§ **Supplied information**:
+ + + + +

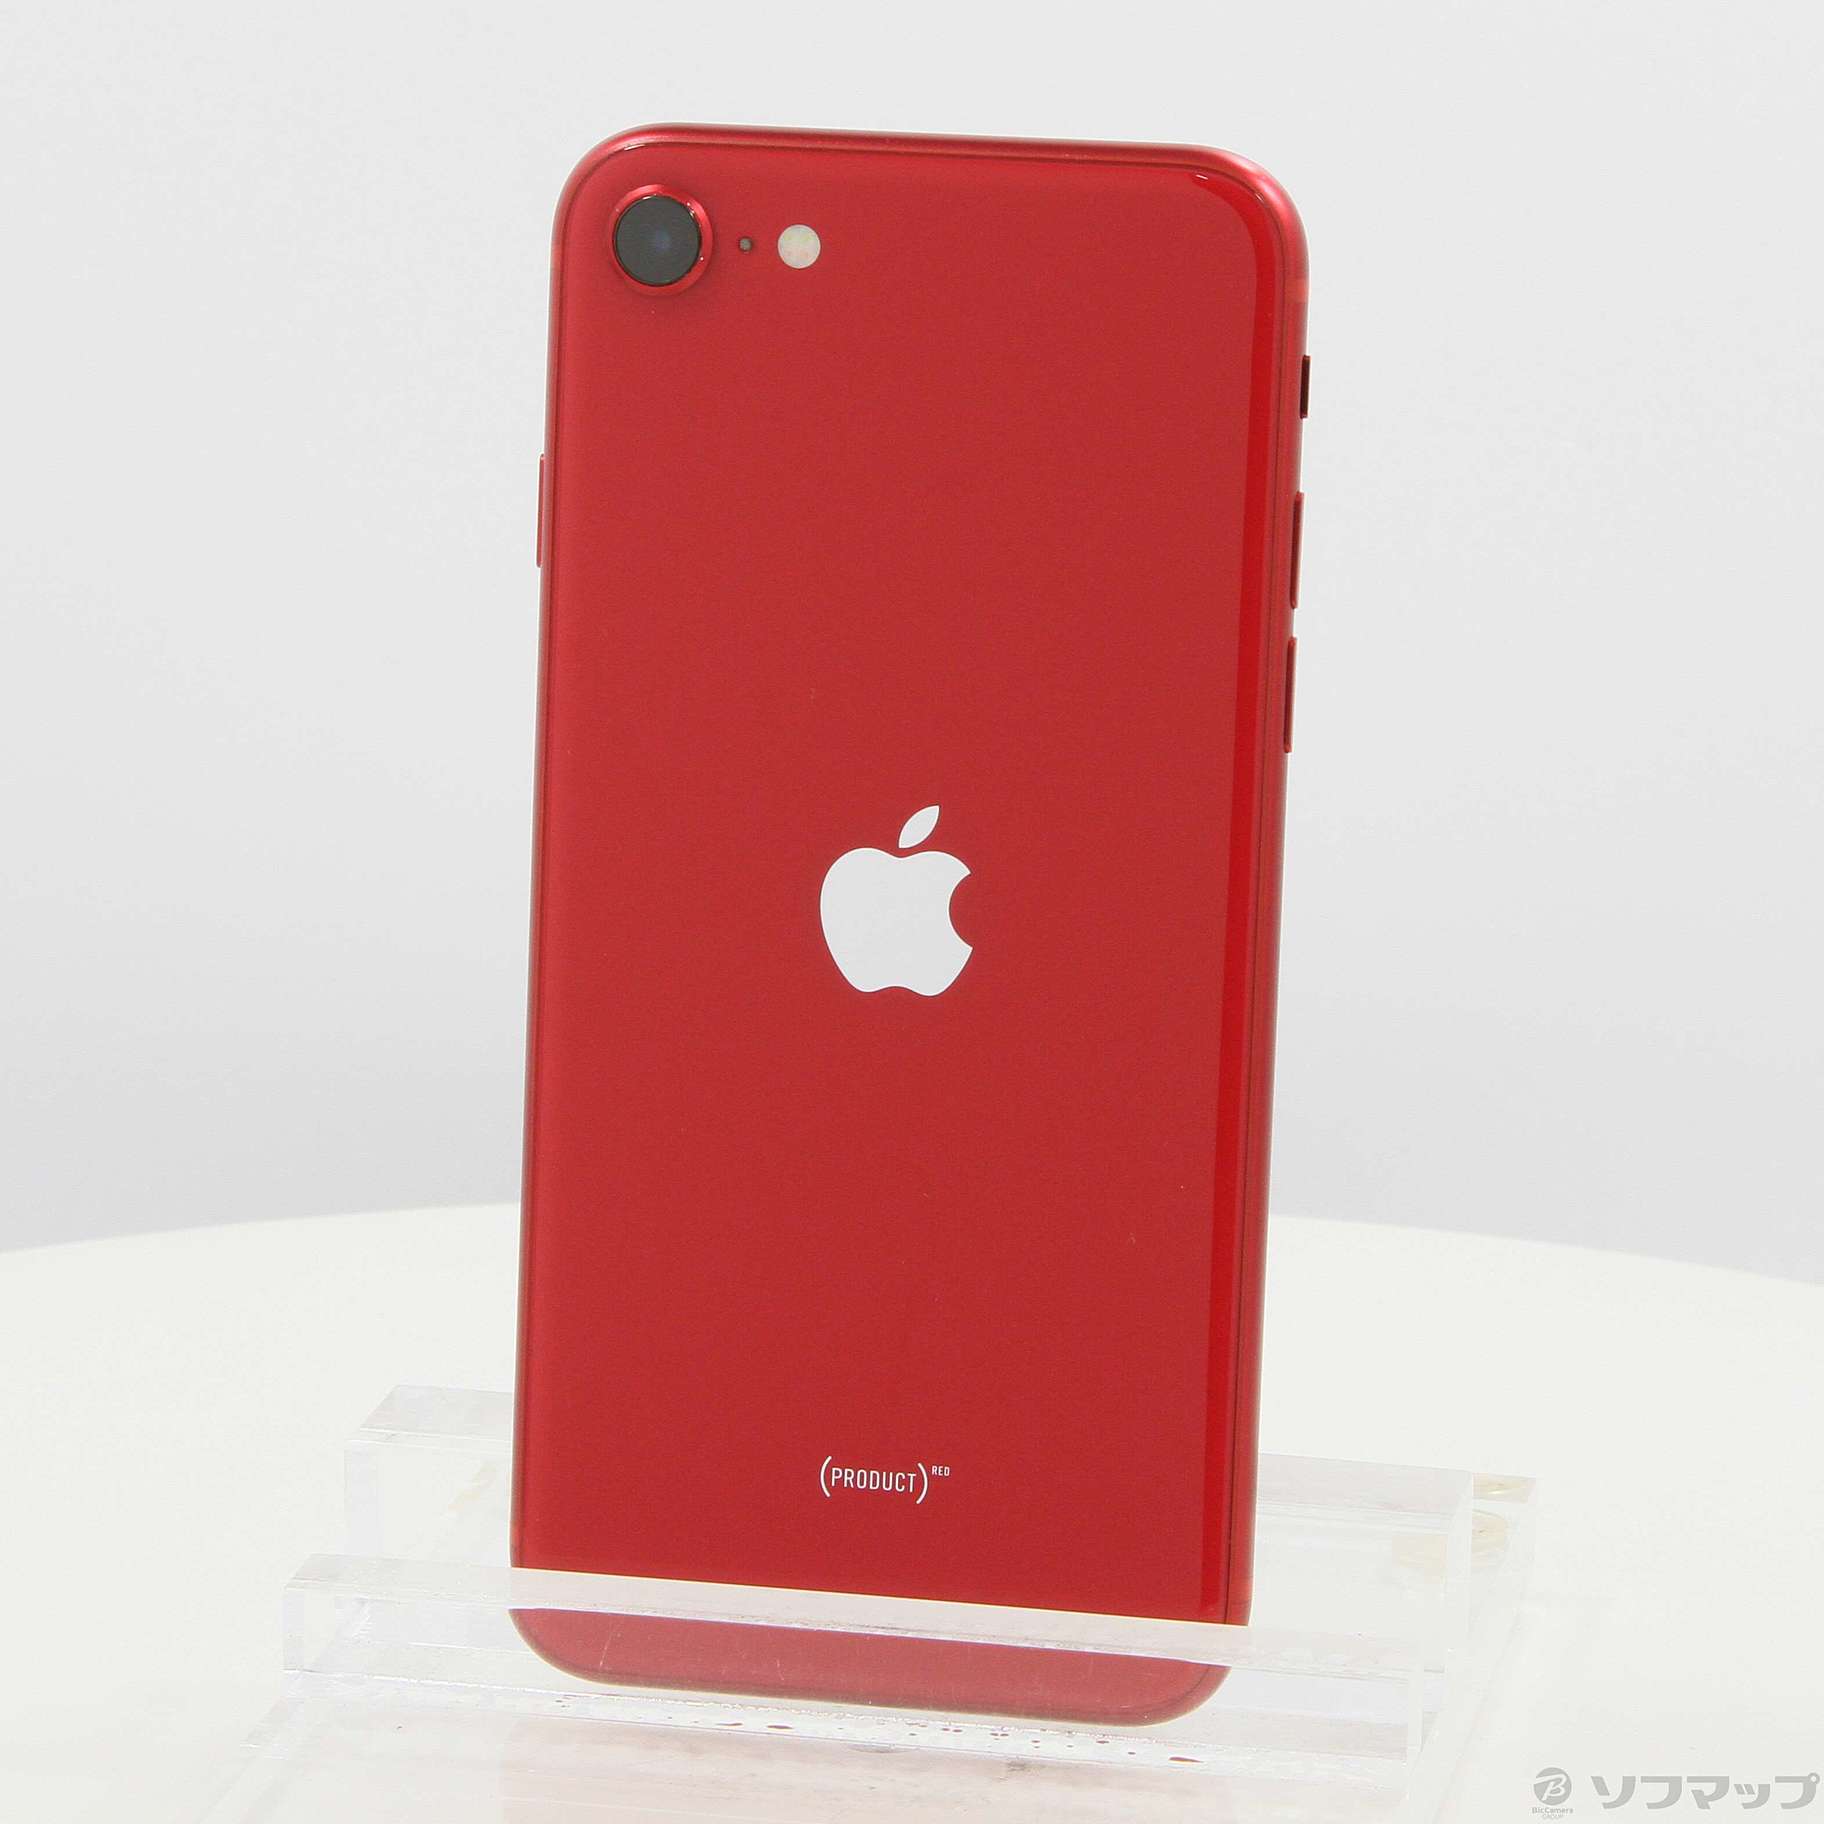 【ランクS】iPhone SE (第3世代) レッド 256 GB SIMフリー機種名iPhoneSE
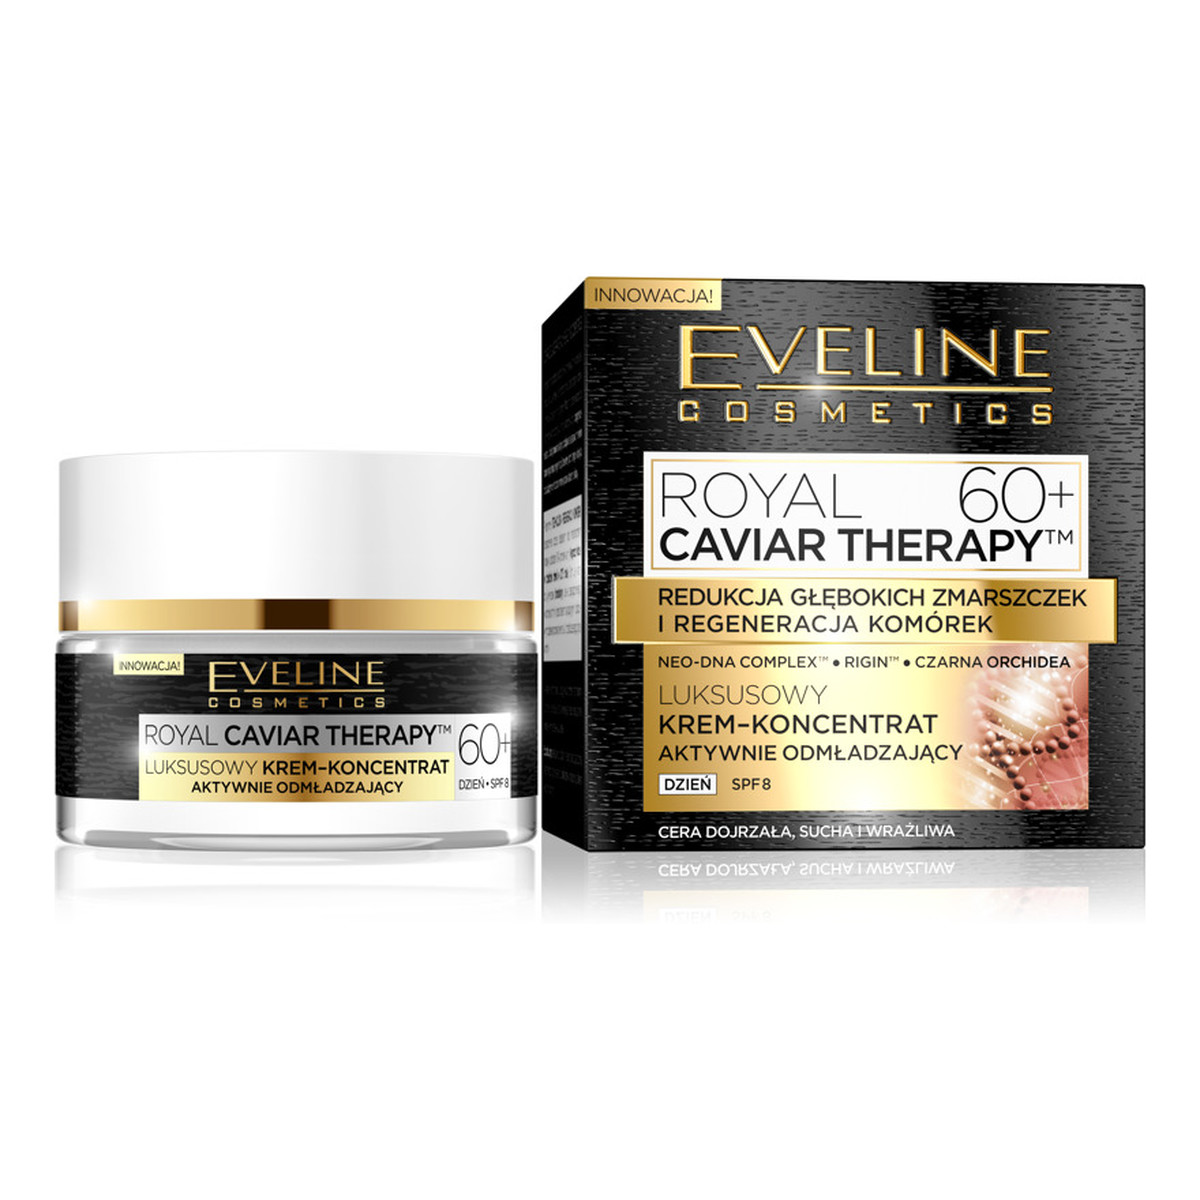 Eveline Royal caviar therapy 60+ krem-koncentrat aktywnie odmładzający na dzień 50ml
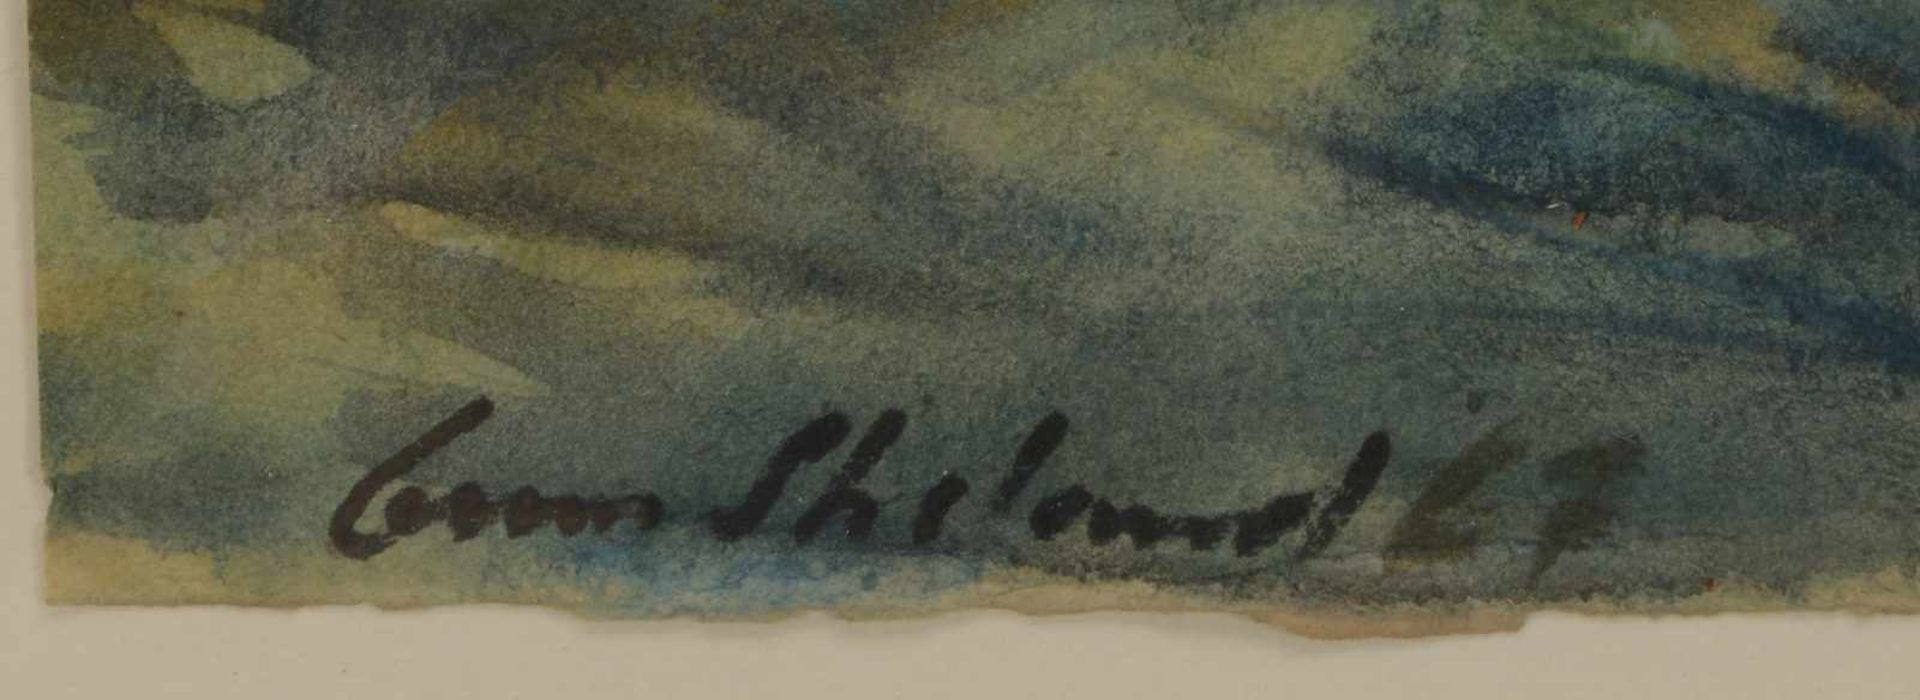 Streland, Gun, 'Landschaft', Aquarell auf Papier, unten links signiert und datiert, unter - Bild 2 aus 2

+ + + + +

§ **Prompt**: Reproduce every line above word for word; no images.

§ **Answer for the task**:
 【ランクS】iPhone SE (第3世代) レッド 256 GB SIMフリー機種名iPhoneSE
 Eveline Royal caviar therapy 60+ krem-koncentrat aktywnie odmładzający na dzień 50ml
 Streland, Gun, 'Landschaft', Aquarell auf Papier, unten links signiert und datiert, unter - Bild 2 aus 2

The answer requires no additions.